_DATASET EXCERPT_
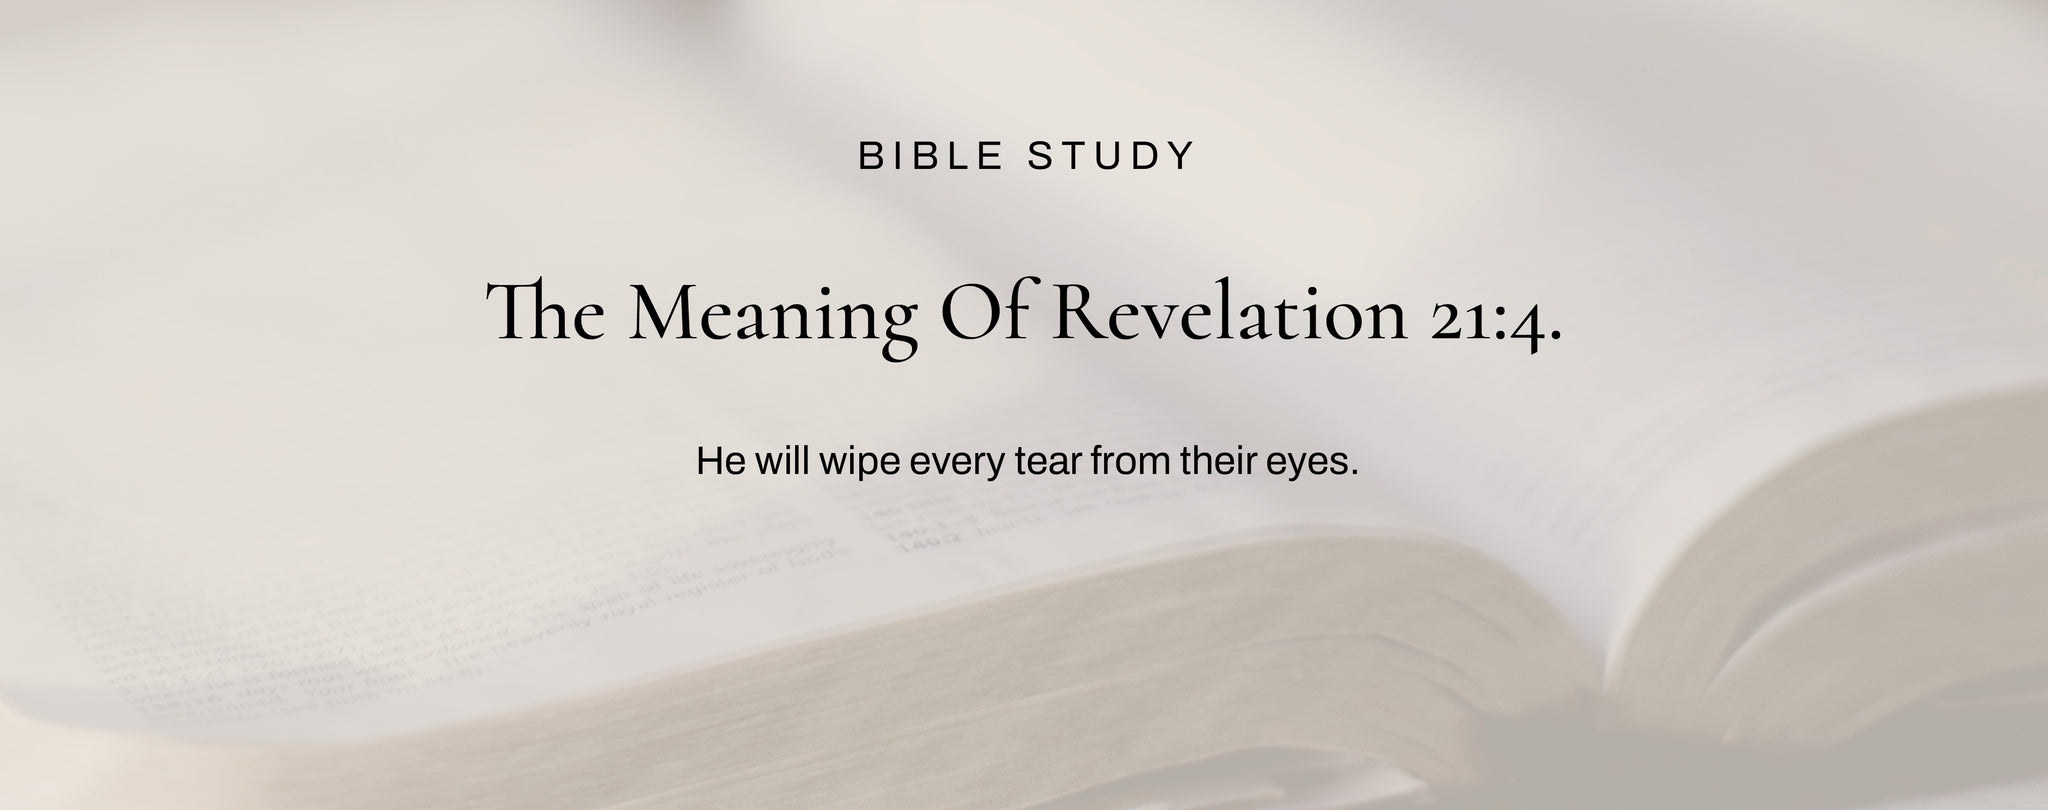 What Does Revelation 21:4 Mean?
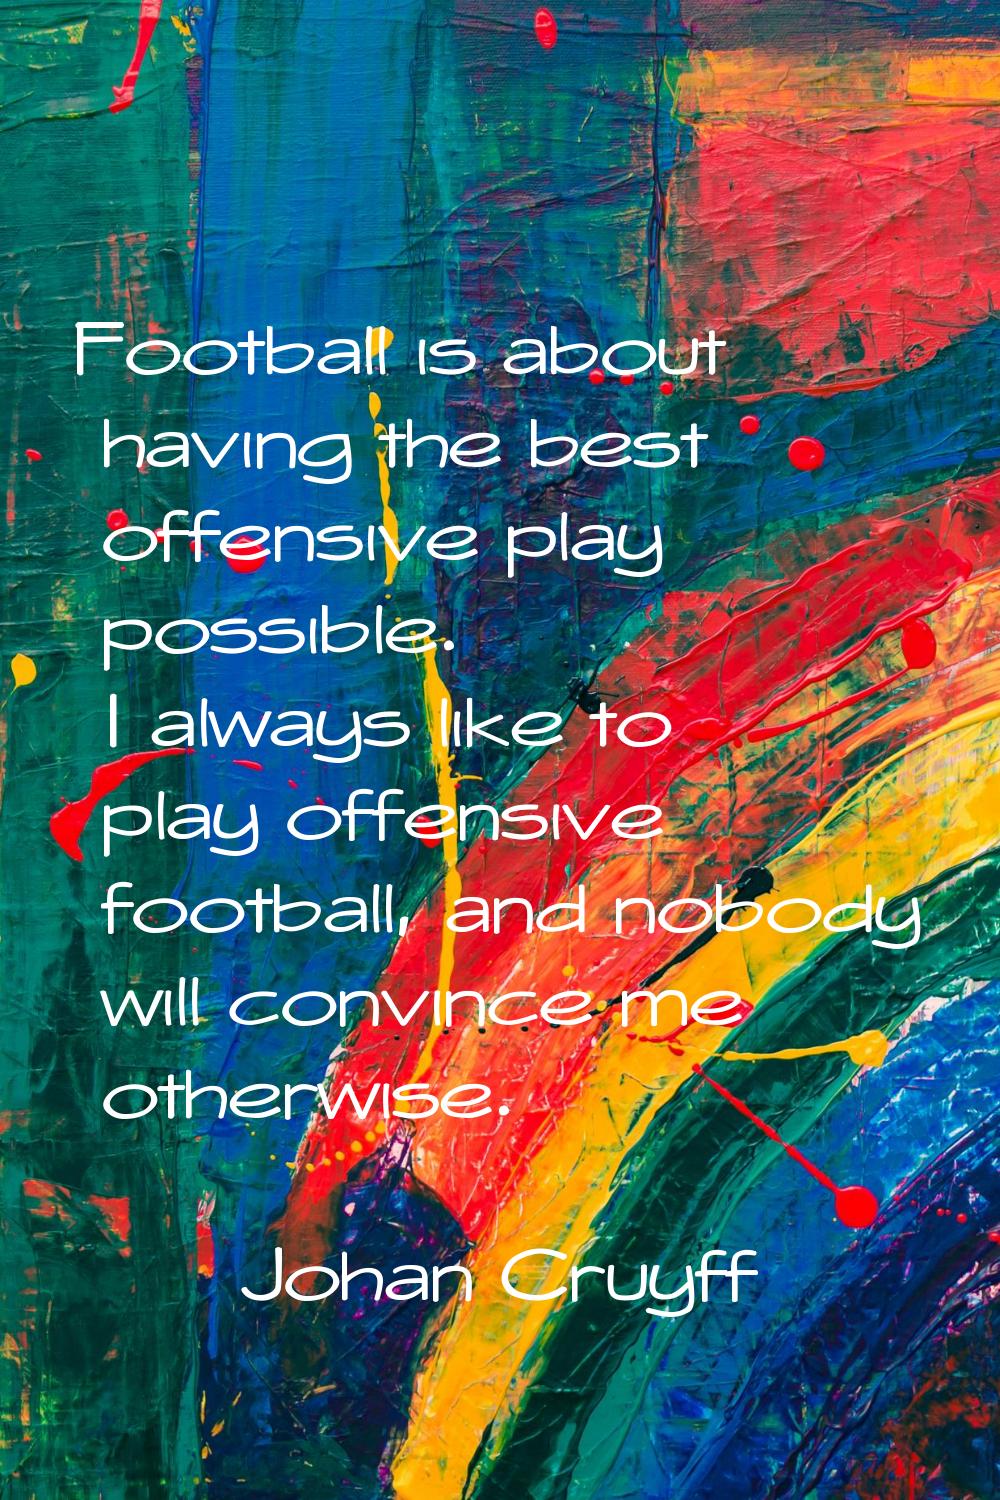 Football is about having the best offensive play possible. I always like to play offensive football
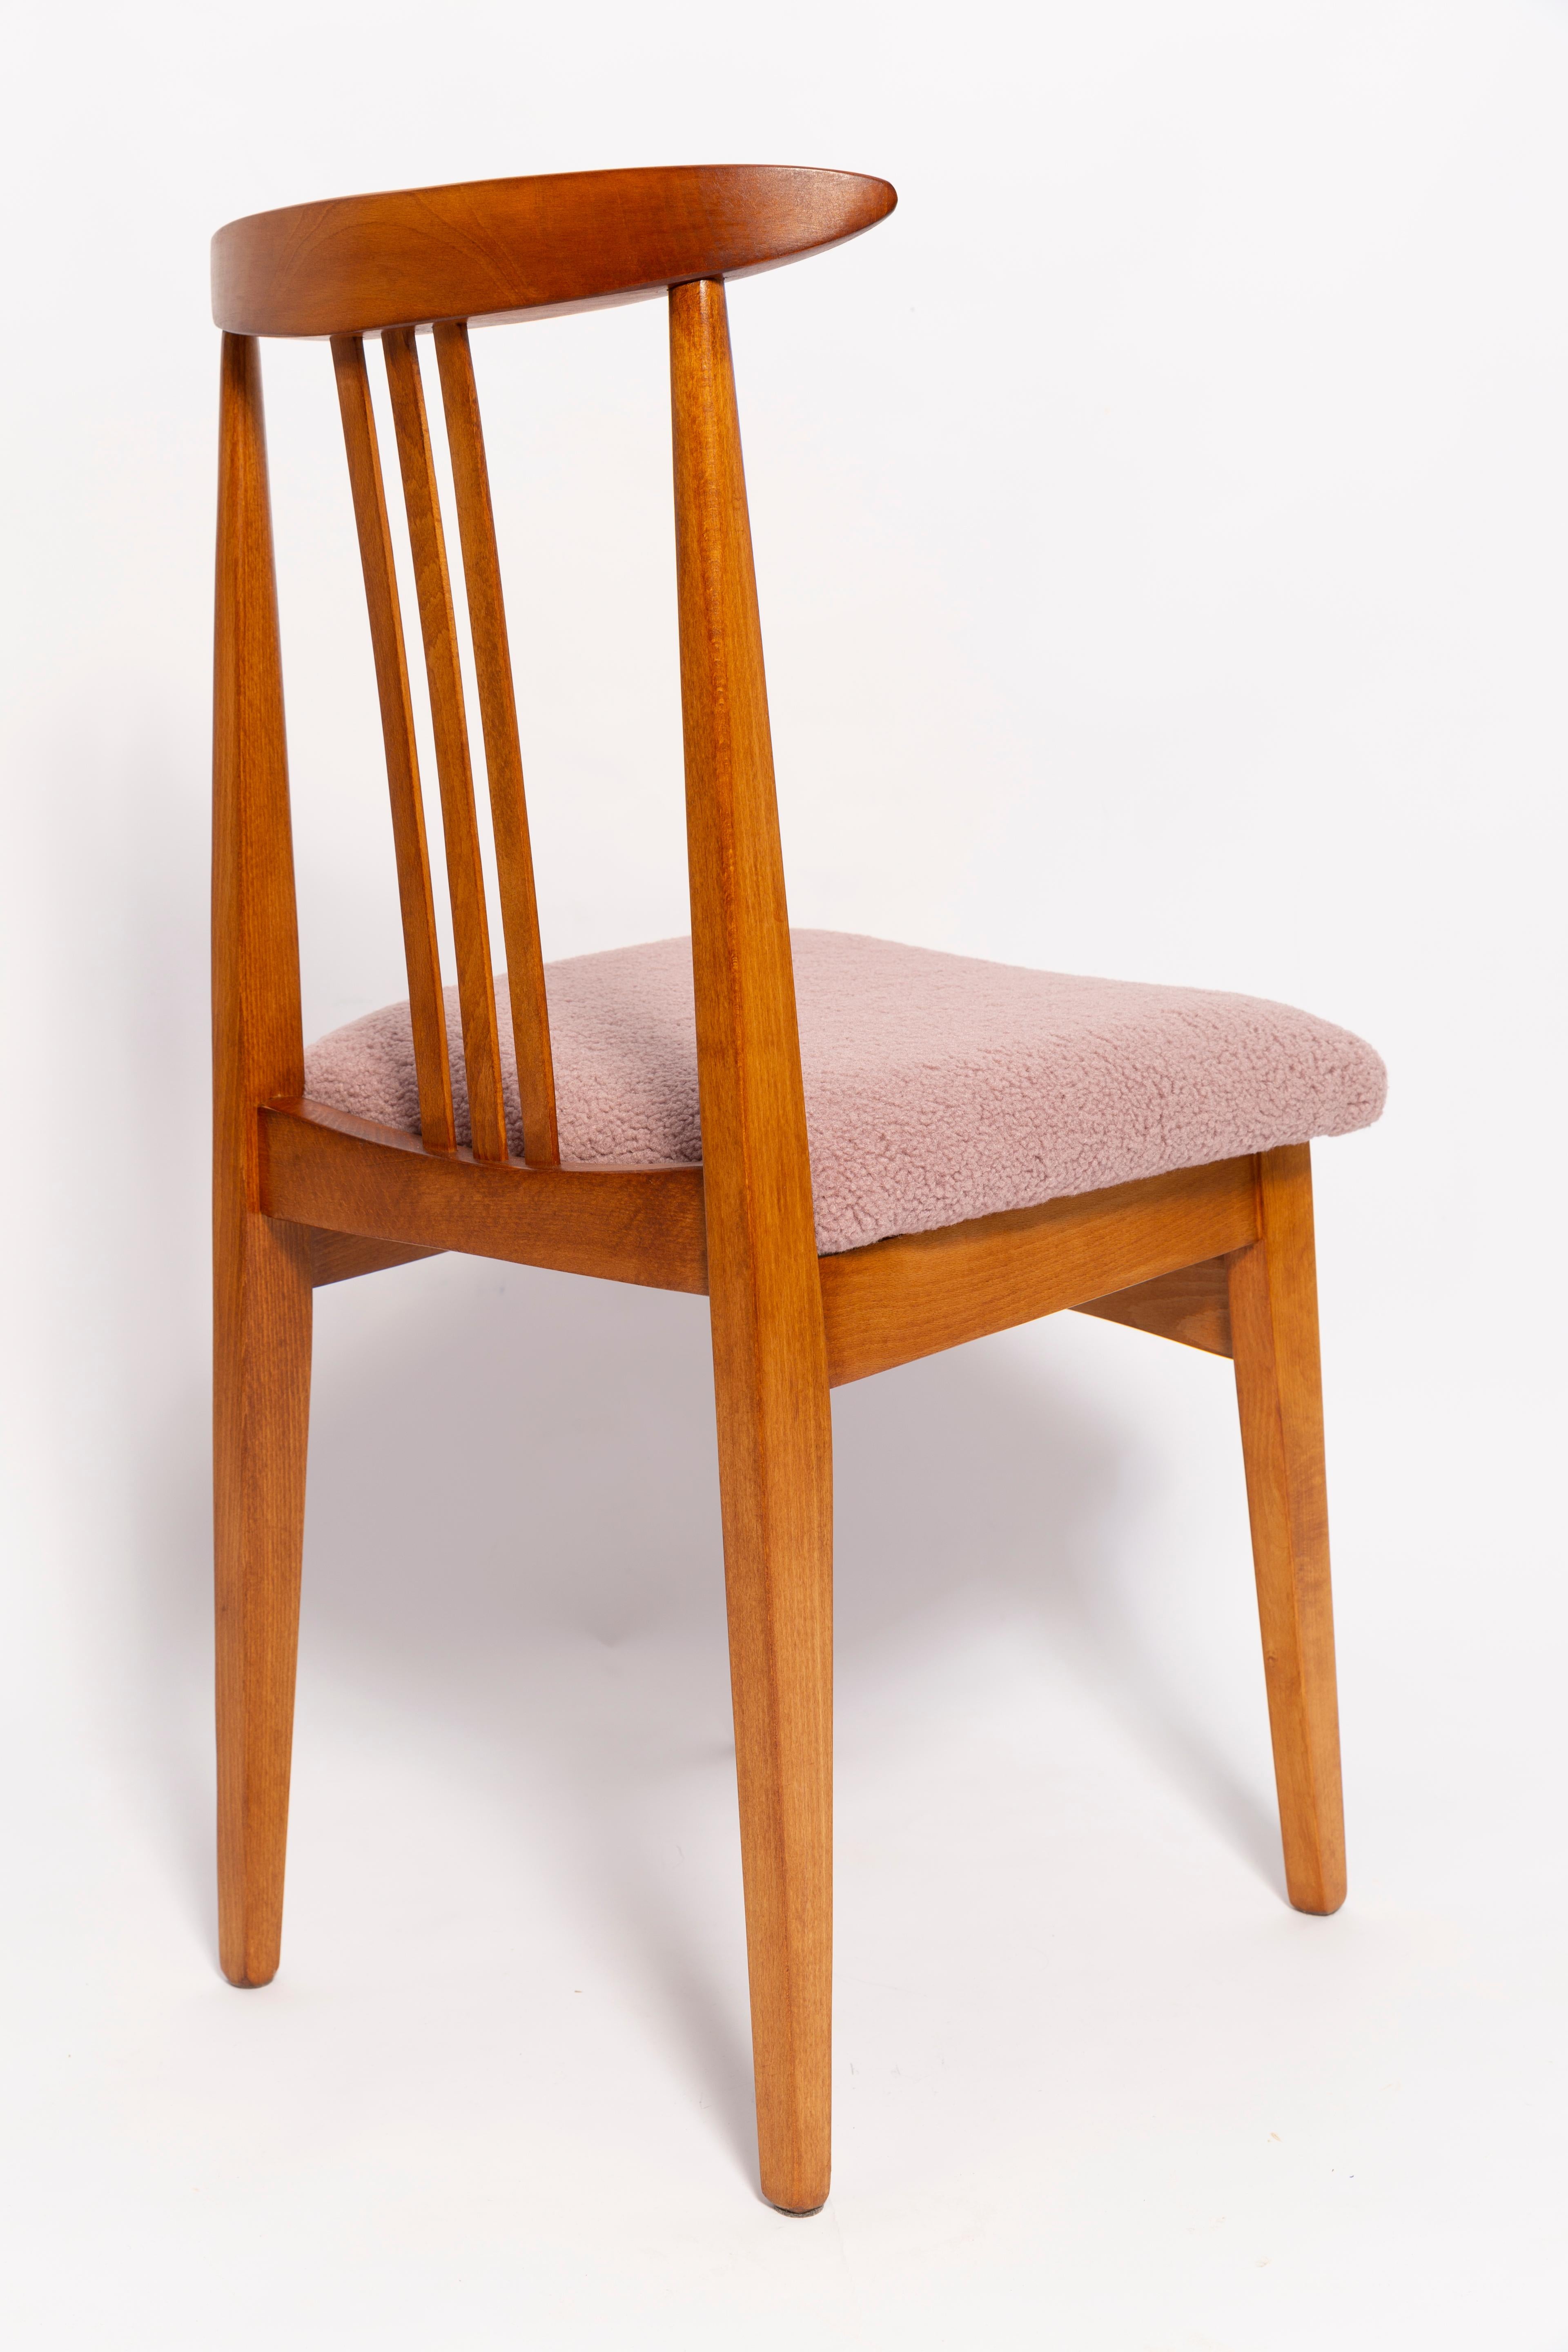 Hand-Crafted Mid-Century Pink Blush Boucle Chair, by M. Zielinski, Europe, 1960s For Sale

_WHAT YOU HAVE TO DO_
Output a faithful copy of the data, with each picture left out.

_SOLUTION_
 What Does Revelation 21:4 Mean?
 Football is about having the best offensive play possible. I always like to play offensive football
 Hand-Crafted Mid-Century Pink Blush Boucle Chair, by M. Zielinski, Europe, 1960s For Sale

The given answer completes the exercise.